U.S. collapses with Amazon’s rise

113-year-old Neiman Marcus files for bankruptcy

Retail cumulative closures exceed 9,000 stores


◆ 20 years of boom, 7 years of recession... shattered by COVID-19= Domestic offline retail exploded in growth after Emart opened the first large supermarket in Chang-dong, Seoul in 1993. Under the offensive of Emart and Lotte Mart, global retailers Walmart and Carrefour were pushed out of the domestic market. Until the late 2000s, companies lined up to enter department stores and large supermarkets. Annual records were broken until 2013. However, growth stopped as retail regulations such as restrictions on new store openings and mandatory closures were strengthened. Meanwhile, the retail paradigm shifted from offline to online, with e-commerce companies like Naver and Coupang encroaching on the market. According to the Ministry of Trade, Industry and Energy, the online share of total retail sales was 28.4% in 2014 but rose to 41.2% last year.


Professor Seungho Ahn of Soongsil University said, "If regulations are strengthened, offline retail cannot survive." Ultimately, Emart’s operating profit, which was 735.1 billion KRW in 2013, was cut to 150.6 billion KRW last year, a fifth of its previous level. Lotte Shopping, the country’s top retail company, also saw its operating profit plunge from 1.4852 trillion KRW in 2013 to 417.9 billion KRW last year.


After COVID-19, foot traffic to offline retail stores stopped. Although strict social distancing was the cause, even if the pandemic ends, dependence on offline retailers is expected to significantly decrease. A senior executive at a retail company explained, "Due to the COVID-19 situation, retail companies’ first-quarter performance is more serious than expected." According to Lotte Future Strategy Institute, the number of department stores, which was 98 in 2020, is expected to decrease by 20 to 78 by 2030. Large supermarkets are also expected to shrink from 499 to 223, a reduction of 276 stores.

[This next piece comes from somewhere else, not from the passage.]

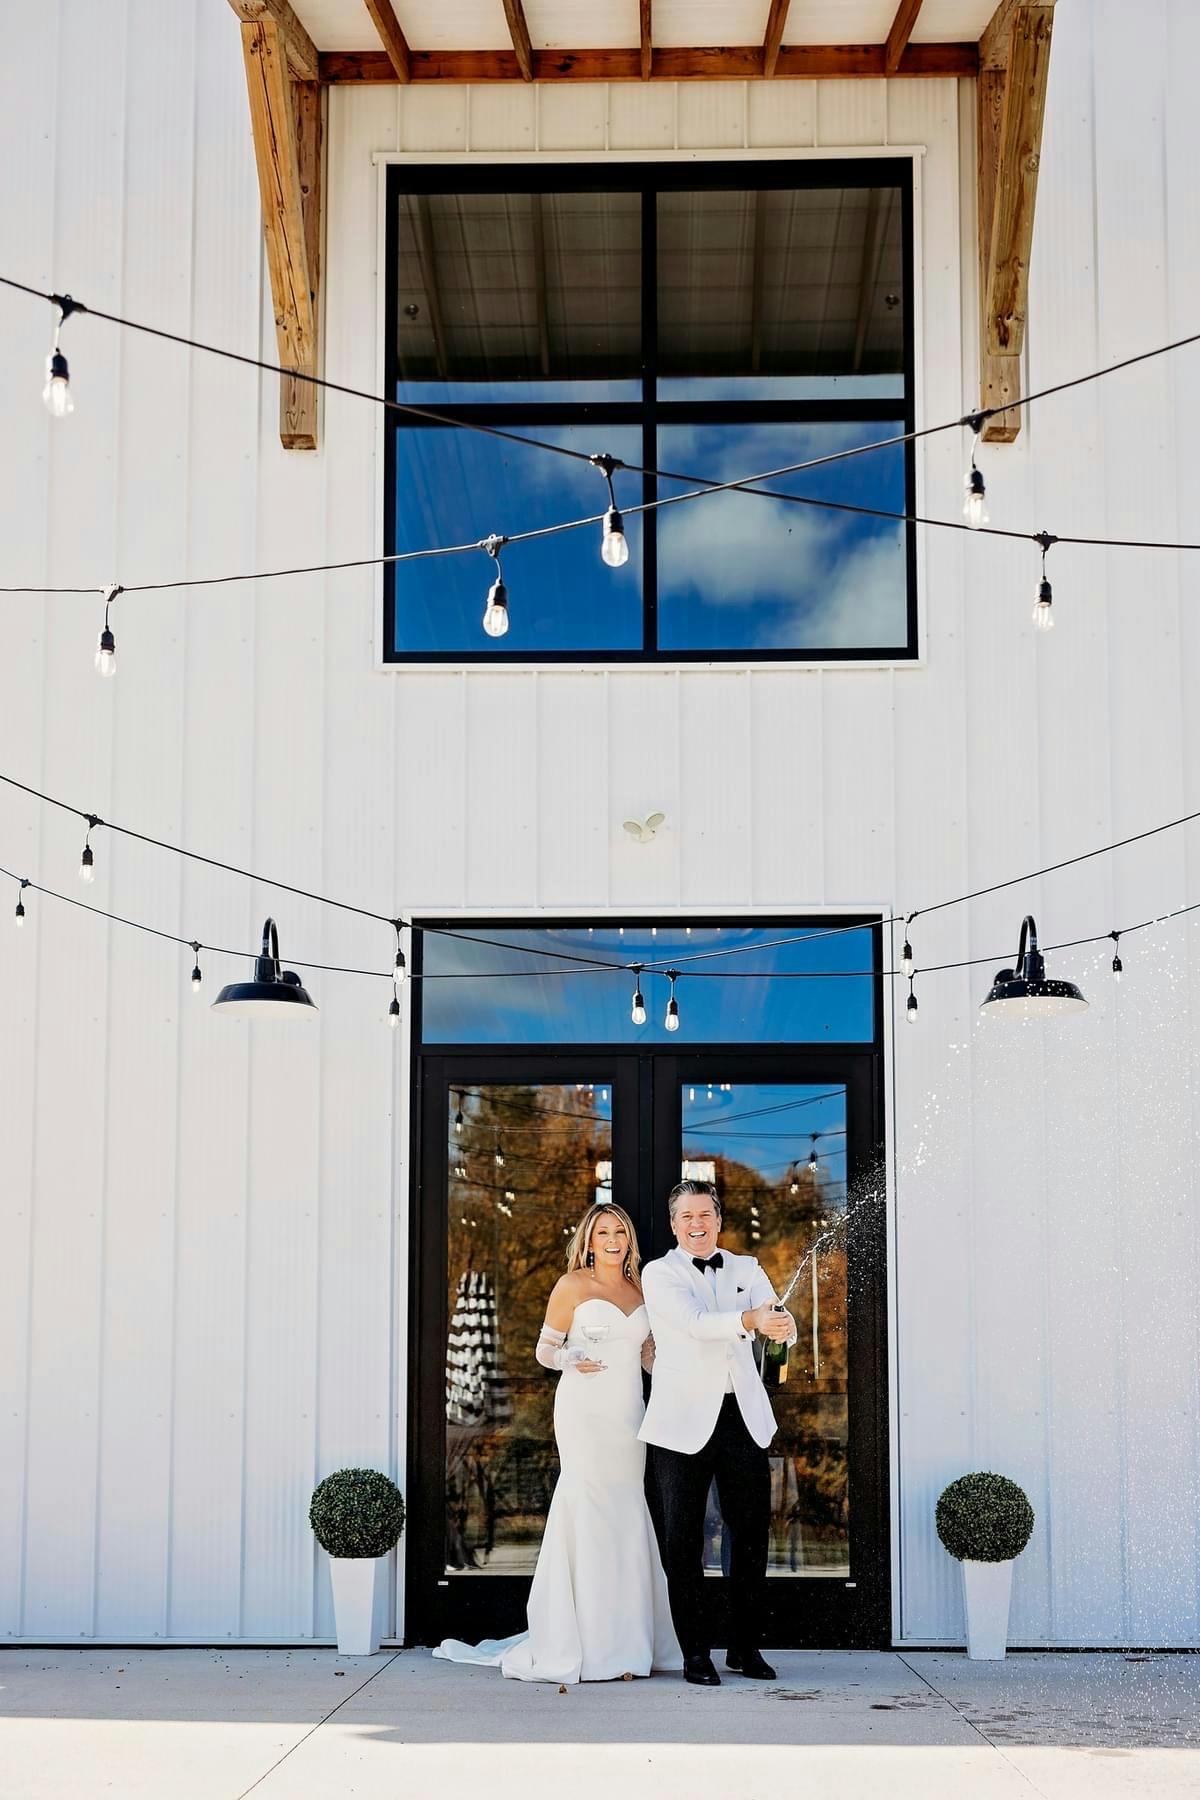 Picture of Bride and groom popping a bottle of shampain in front of building with string lights

Kim Ikseong, honorary president of the Korea Distribution Association and professor at Dongduk Women’s University, cited omni-channel and enhanced consumer-tailored services as ways for offline retailers to survive. Professor Kim advised, "The biggest strength of offline retail is the ability to immediately reflect consumer demands on site," and emphasized, "Customized services should be further expanded." He added, "Omni-channel services linking offline and online should be expanded, and delivery systems for orders made offline should be strengthened to incorporate the reasons consumers are enthusiastic about online shopping into offline retail."


This content was produced with the assistance of AI translation services.